Further investigate the issue, I found removing the /proc mount will allow the readlink function to work properly. But the issue is that some other functions needs /proc to be mounted, eg. https://github.com/fluent/fluent-bit/blob/v2.0.8/plugins/in_cpu/cpu.c#L95.

daemonSetVolumes:
  - name: varlog
    hostPath:
      path: /var/log
  # - name: proc
  #   hostPath:
  #     path: /proc
...
daemonSetVolumeMounts:
  - name: varlog
    mountPath: /var/log
  # - name: proc
  #   mountPath: /proc

Results:

root@fluent-bit-pb4gx:/# gcc -o test test.c && ./test  
file descriptor is 3
ret=13, tmp=/proc/28/fd/3
s=97, err=0
s=97, err=0

So in order to allow the tail plugin to work properly, we can’t have other plugins that needs /proc to be mounted. It would be nice if we can mount /proc to a different path like /host_proc to avlid this issue. Maybe the temporary workaround is to have separate fluent-bit pods to collect different metrics?

Hard to imagine how so important bug could exist for so long. Main feature of the project just doesn’t work.

I don’t know anything about CephFS but it doesn’t surprise me that disabling inotify helps. I’ll check the error message on Monday to see if it’s related to it but I’m curious about the other users too, I wonder if they are using a similar setup.
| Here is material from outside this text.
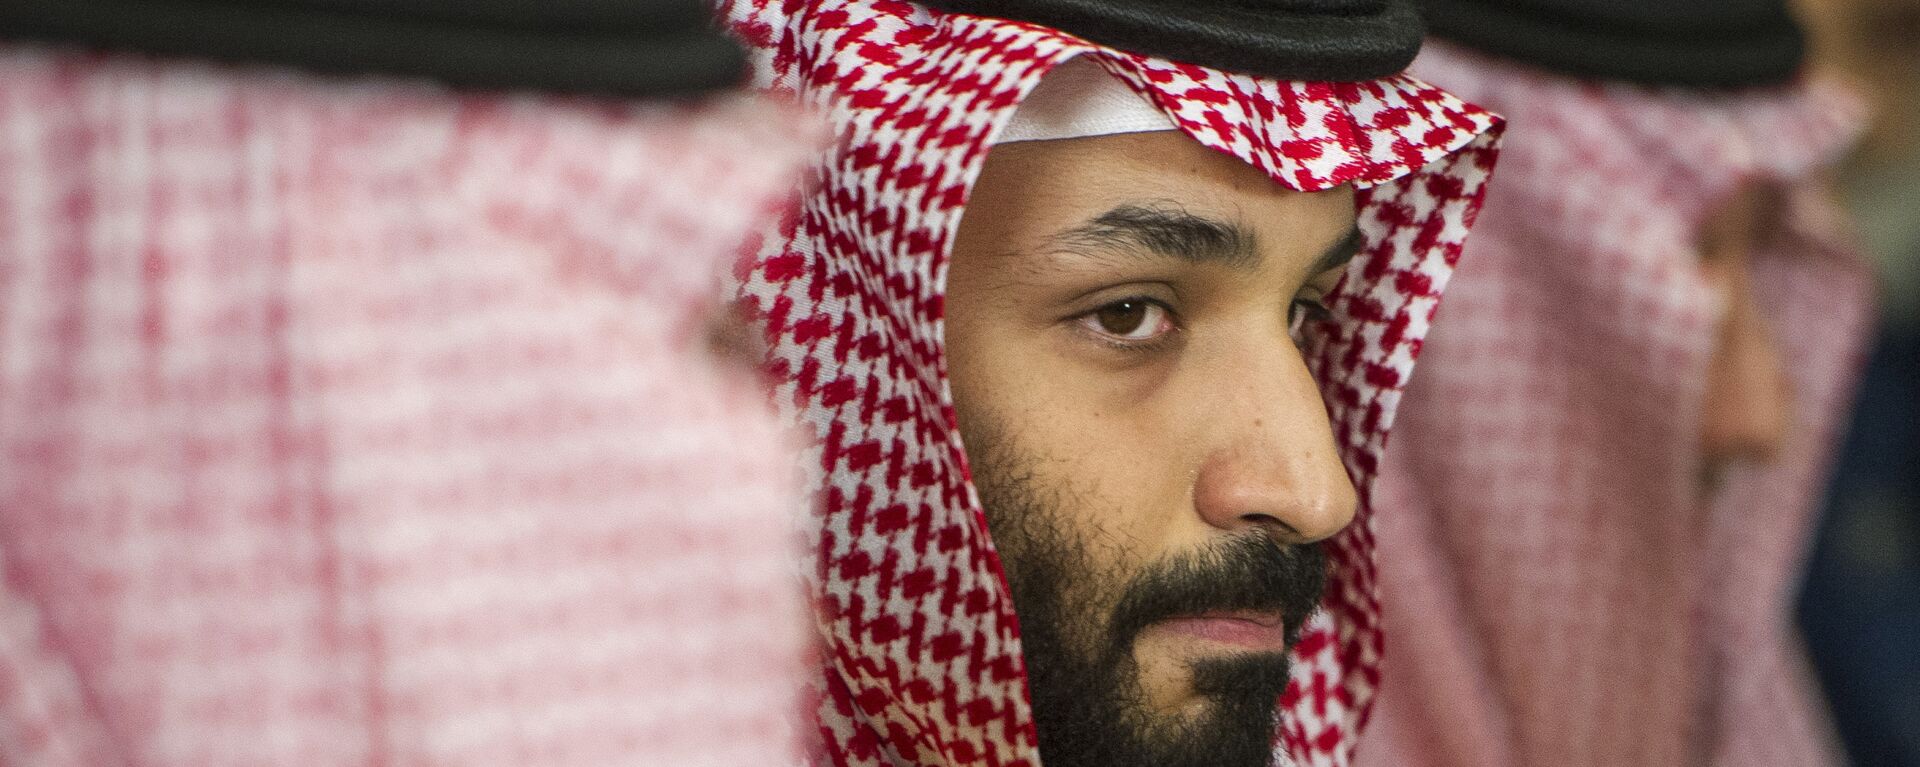 Mohamed bin Salman, príncipe heredero de Arabia Saudí - Sputnik Mundo, 1920, 01.03.2021

I’m having this issue as well on 1.9.6. The problem is that I NEED the long lines to be processed.

Has this been resolved? This seems to be related to not removal of inode during file removal process i.e. (the inode entry not being removed from files_static, files_event[https://github.com/fluent/fluent-bit/blob/master/plugins/in_tail/tail_config.h#L129, https://github.com/fluent/fluent-bit/blob/master/plugins/in_tail/tail_file.c#1108])

I have the same issue https://github.com/fluent/helm-charts/issues/415:

kubectl logs  -n fluent-bit -f fluent-bit-6341f45a-j8h2x | grep -i volume-test
[2023/10/27 17:04:05] [debug] [input:tail:tail.0] inode=1062251 with offset=2026 appended as /var/log/containers/volume-test_exp_volume-test-2c25a3b1342924cffab9fffb48b2f0a971fcf9f10009e4c382a37bc09075134b.log
[2023/10/27 17:04:05] [debug] [input:tail:tail.0] scan_glob add(): /var/log/containers/volume-test_exp_volume-test-2c25a3b1342924cffab9fffb48b2f0a971fcf9f10009e4c382a37bc09075134b.log, inode 1062251
[2023/10/27 17:04:05] [debug] [input:tail:tail.0] inode=1062251 file=/var/log/containers/volume-test_exp_volume-test-2c25a3b1342924cffab9fffb48b2f0a971fcf9f10009e4c382a37bc09075134b.log promote to TAIL_EVENT
[2023/10/27 17:04:05] [ info] [input:tail:tail.0] inotify_fs_add(): inode=1062251 watch_fd=23 name=/var/log/containers/volume-test_exp_volume-test-2c25a3b1342924cffab9fffb48b2f0a971fcf9f10009e4c382a37bc09075134b.log
[2023/10/27 17:05:04] [debug] [input:tail:tail.0] scan_blog add(): dismissed: /var/log/containers/volume-test_exp_volume-test-2c25a3b1342924cffab9fffb48b2f0a971fcf9f10009e4c382a37bc09075134b.log, inode 1062251
[2023/10/27 17:06:04] [debug] [input:tail:tail.0] scan_blog add(): dismissed: /var/log/containers/volume-test_exp_volume-test-2c25a3b1342924cffab9fffb48b2f0a971fcf9f10009e4c382a37bc09075134b.log, inode 1062251
[2023/10/27 17:07:04] [debug] [input:tail:tail.0] scan_blog add(): dismissed: /var/log/containers/volume-test_exp_volume-test-2c25a3b1342924cffab9fffb48b2f0a971fcf9f10009e4c382a37bc09075134b.log, inode 1062251
[2023/10/27 17:08:04] [debug] [input:tail:tail.0] scan_blog add(): dismissed: /var/log/containers/volume-test_exp_volume-test-2c25a3b1342924cffab9fffb48b2f0a971fcf9f10009e4c382a37bc09075134b.log, inode 1062251

CephFS is a network mounted filesystem, afaik inotify will not work because kernel is not aware of filesystem changes in a directory, so it can’t inform any watch process, maybe it’s the issue. If other users are using a network filesystem this could be the case

@kc-dot-io I guess this would do the trick for you, but I really don’t like this idea; with a stable, fully functioning tool you’ would never have to do that. It was my understanding that Fluent bit was a stable tool, but I realise that it’s not the case. The logs are sooo verbose yet the buffers keep filling up with no warning, lines get dismissed with no explanation whatsoever… The only answer in this issue from a staff member was on March 18th…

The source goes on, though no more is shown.